The flag of the Region shall be hoisted on the third Sunday of September on public buildings located on the territory of the Walloon Region.
In the Region, the flag shall also be hoisted on official buildings in the same conditions and on the same days as the national flag.
The Walloon Government may want to prescribe the hoisting of the flag on other days on the buildings mentioned in the previous paragraphs. Article 5. The high authorities and the official representatives of the Walloon Region may want to use, in the exercise of their duties, a distinctive ceremonial marking. This marking, according to the model shown in annex 4 of this decree, shall be a flag of proportion 26:30, designed as the flag described in article 4 and bordered with a yellow and red fringe.

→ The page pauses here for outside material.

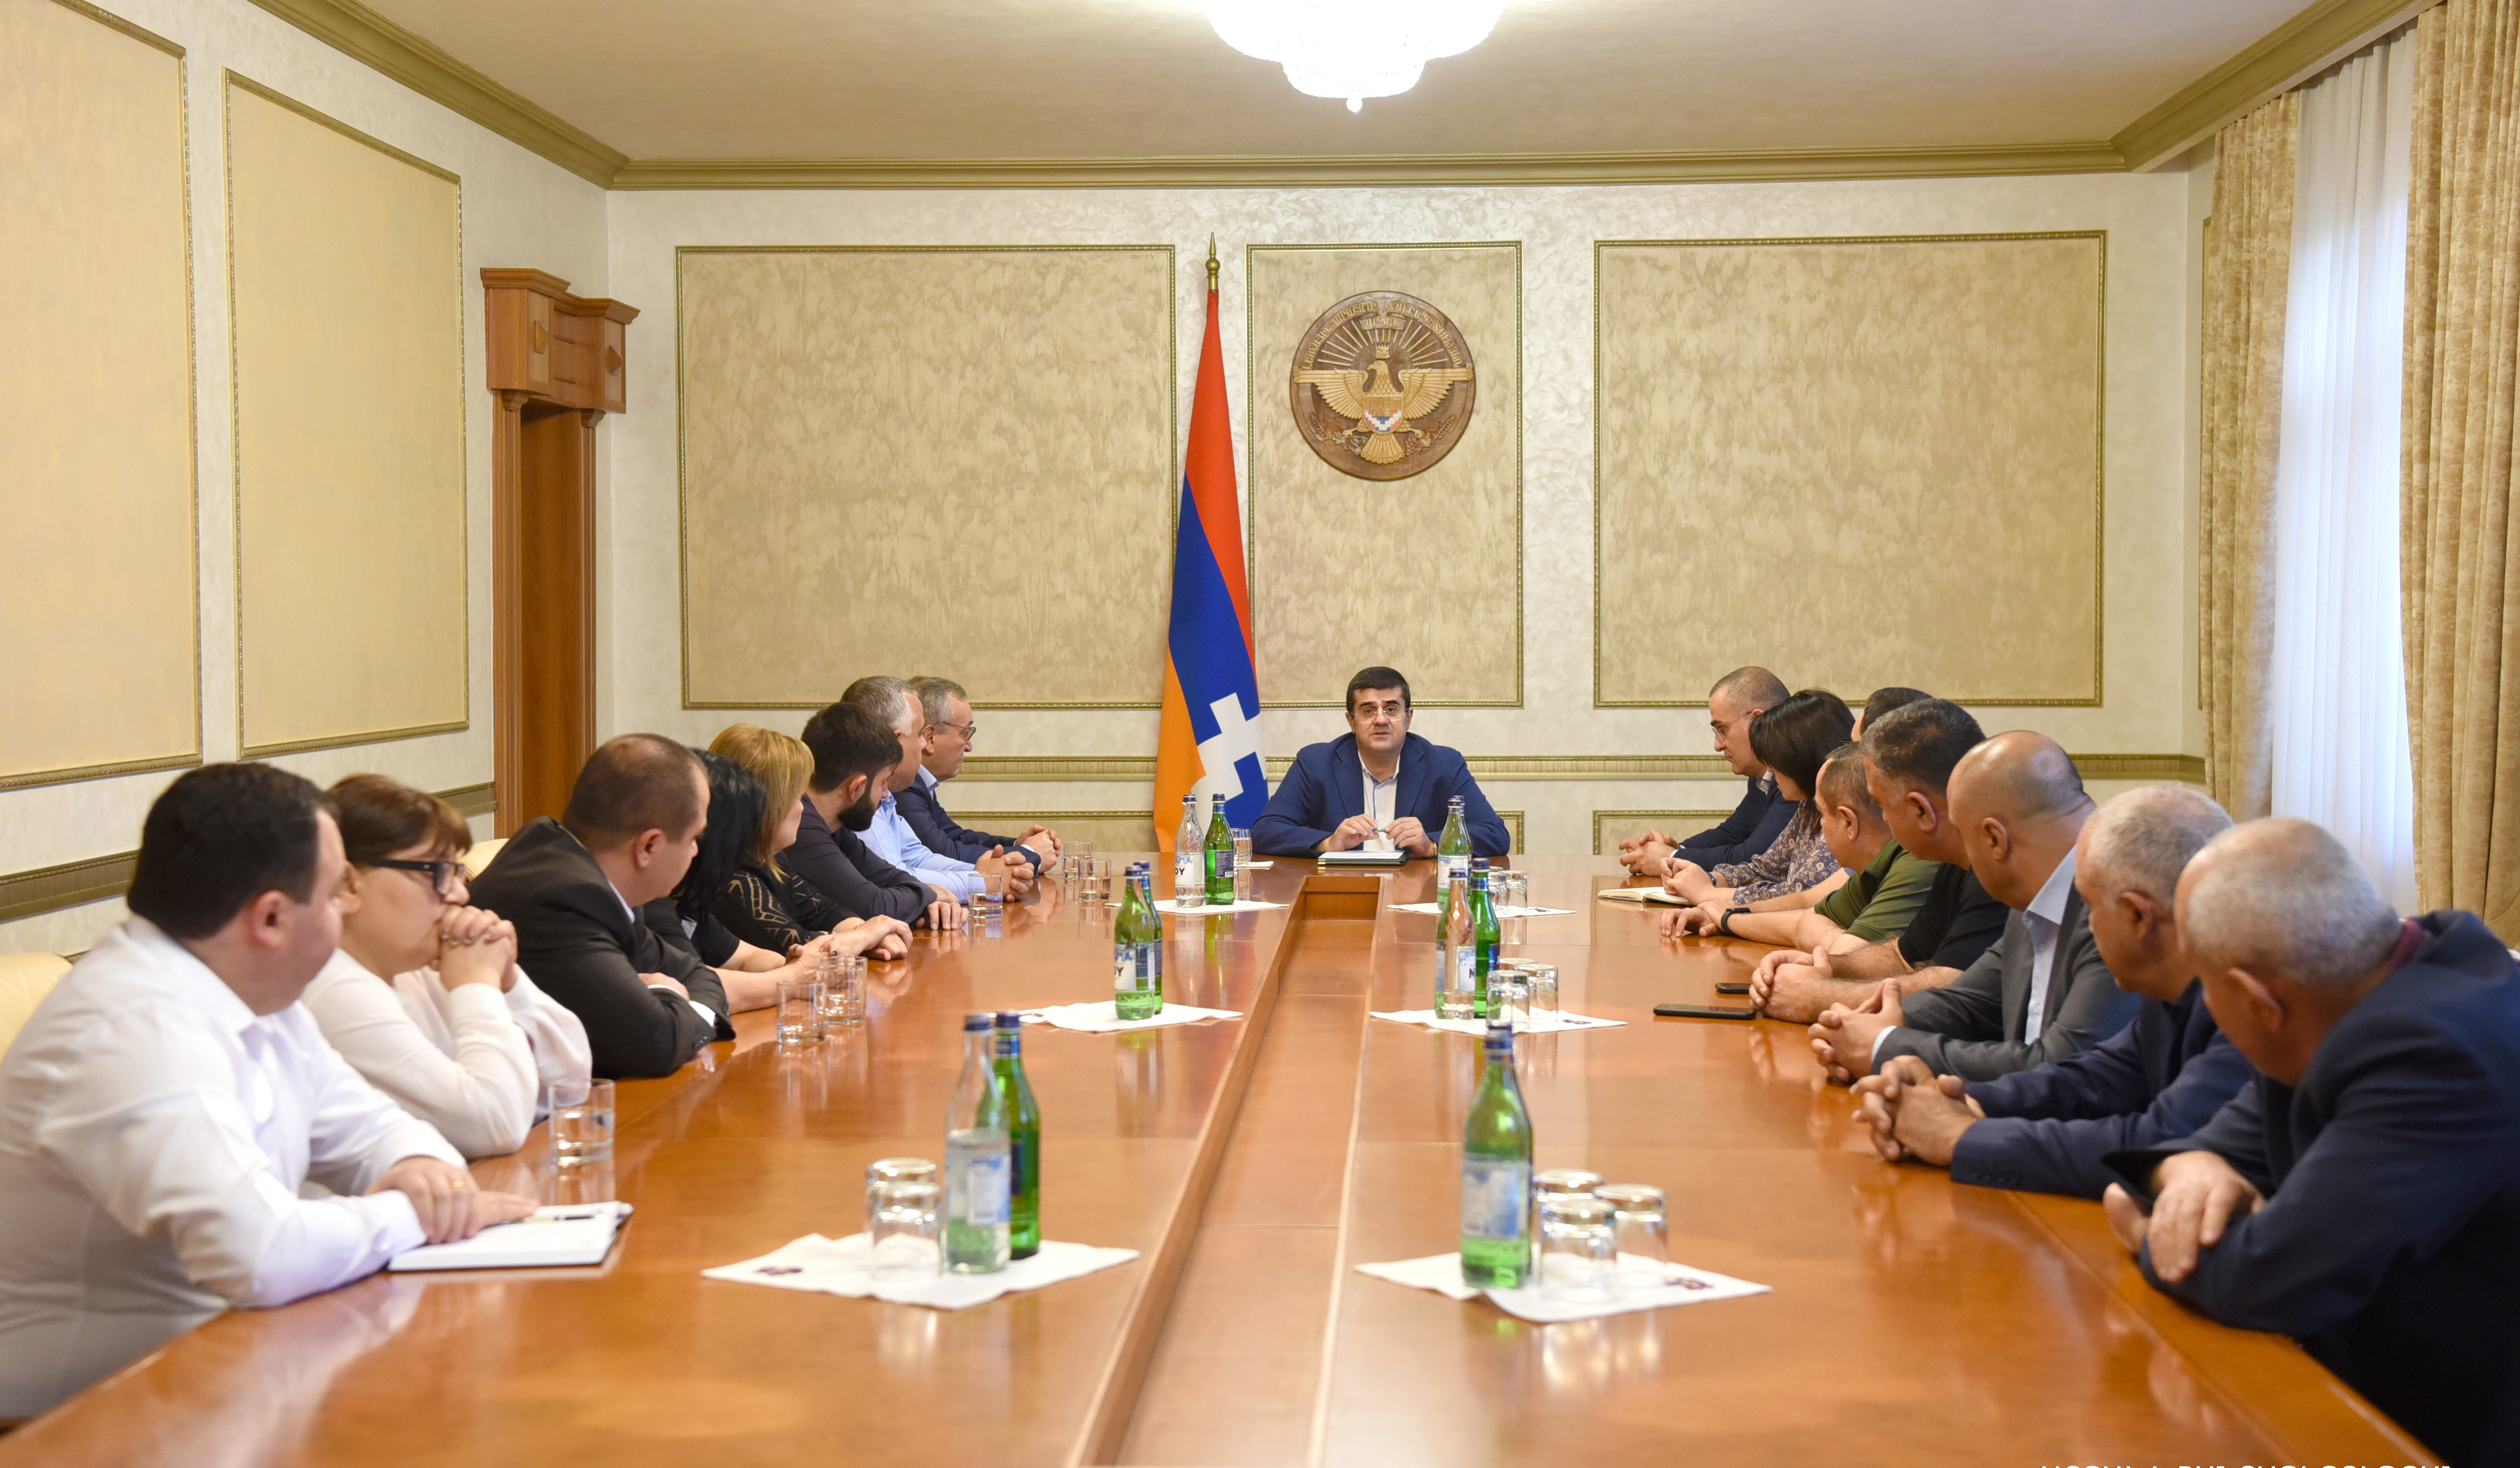 Regional developments and their impact on Artsakh discussed at meeting chaired by Arayik Harutyunyan

Unofficial translation of the French text of the Decree by Ivan Sache, 8 July 2001
However, the Walloons with strong separatist feelings do not necessarily recognize this flag. There are rattachistes Walloons, who promote the incorporation of Wallonia into
France and campaign with a Tricolore French flag charged with the coq
hardi in the middle.
There are, moreover, independentist Walloons who don't want to hear anything from France and consider the coq hardi as a coq collabo. Here collabo, a short form of collaborateur, directly refers to the French (and I suppose to Belgians, too), which collaborated with the Germans during the Second World War.
Pascal Vagnat, Ivan Sache & Jan Mertens, 19 June 2004
Construction sheet for the flag - Image by Mark Sensen, 3 July 2001, after annex 3 of the 1998 Decree
L'Echo - La Semaine en Wallonie, #82, 14 December 2001, recalls that
the Walloon Regional Council ordered on 11 December 1986 that Namur
would be the capital city of Wallonia and the seal of the Walloon
The newspaper adds that the 15th anniversary of the decree was celebrated in the basement of the Parliament of Wallonia. During the ceremony, Bernard Anselme, Mayor of Namur, offered to Robert Collignon, President of the Walloon Parliament, a flag "where the seal of the County of Namur and the Walloon rooster were closely merged".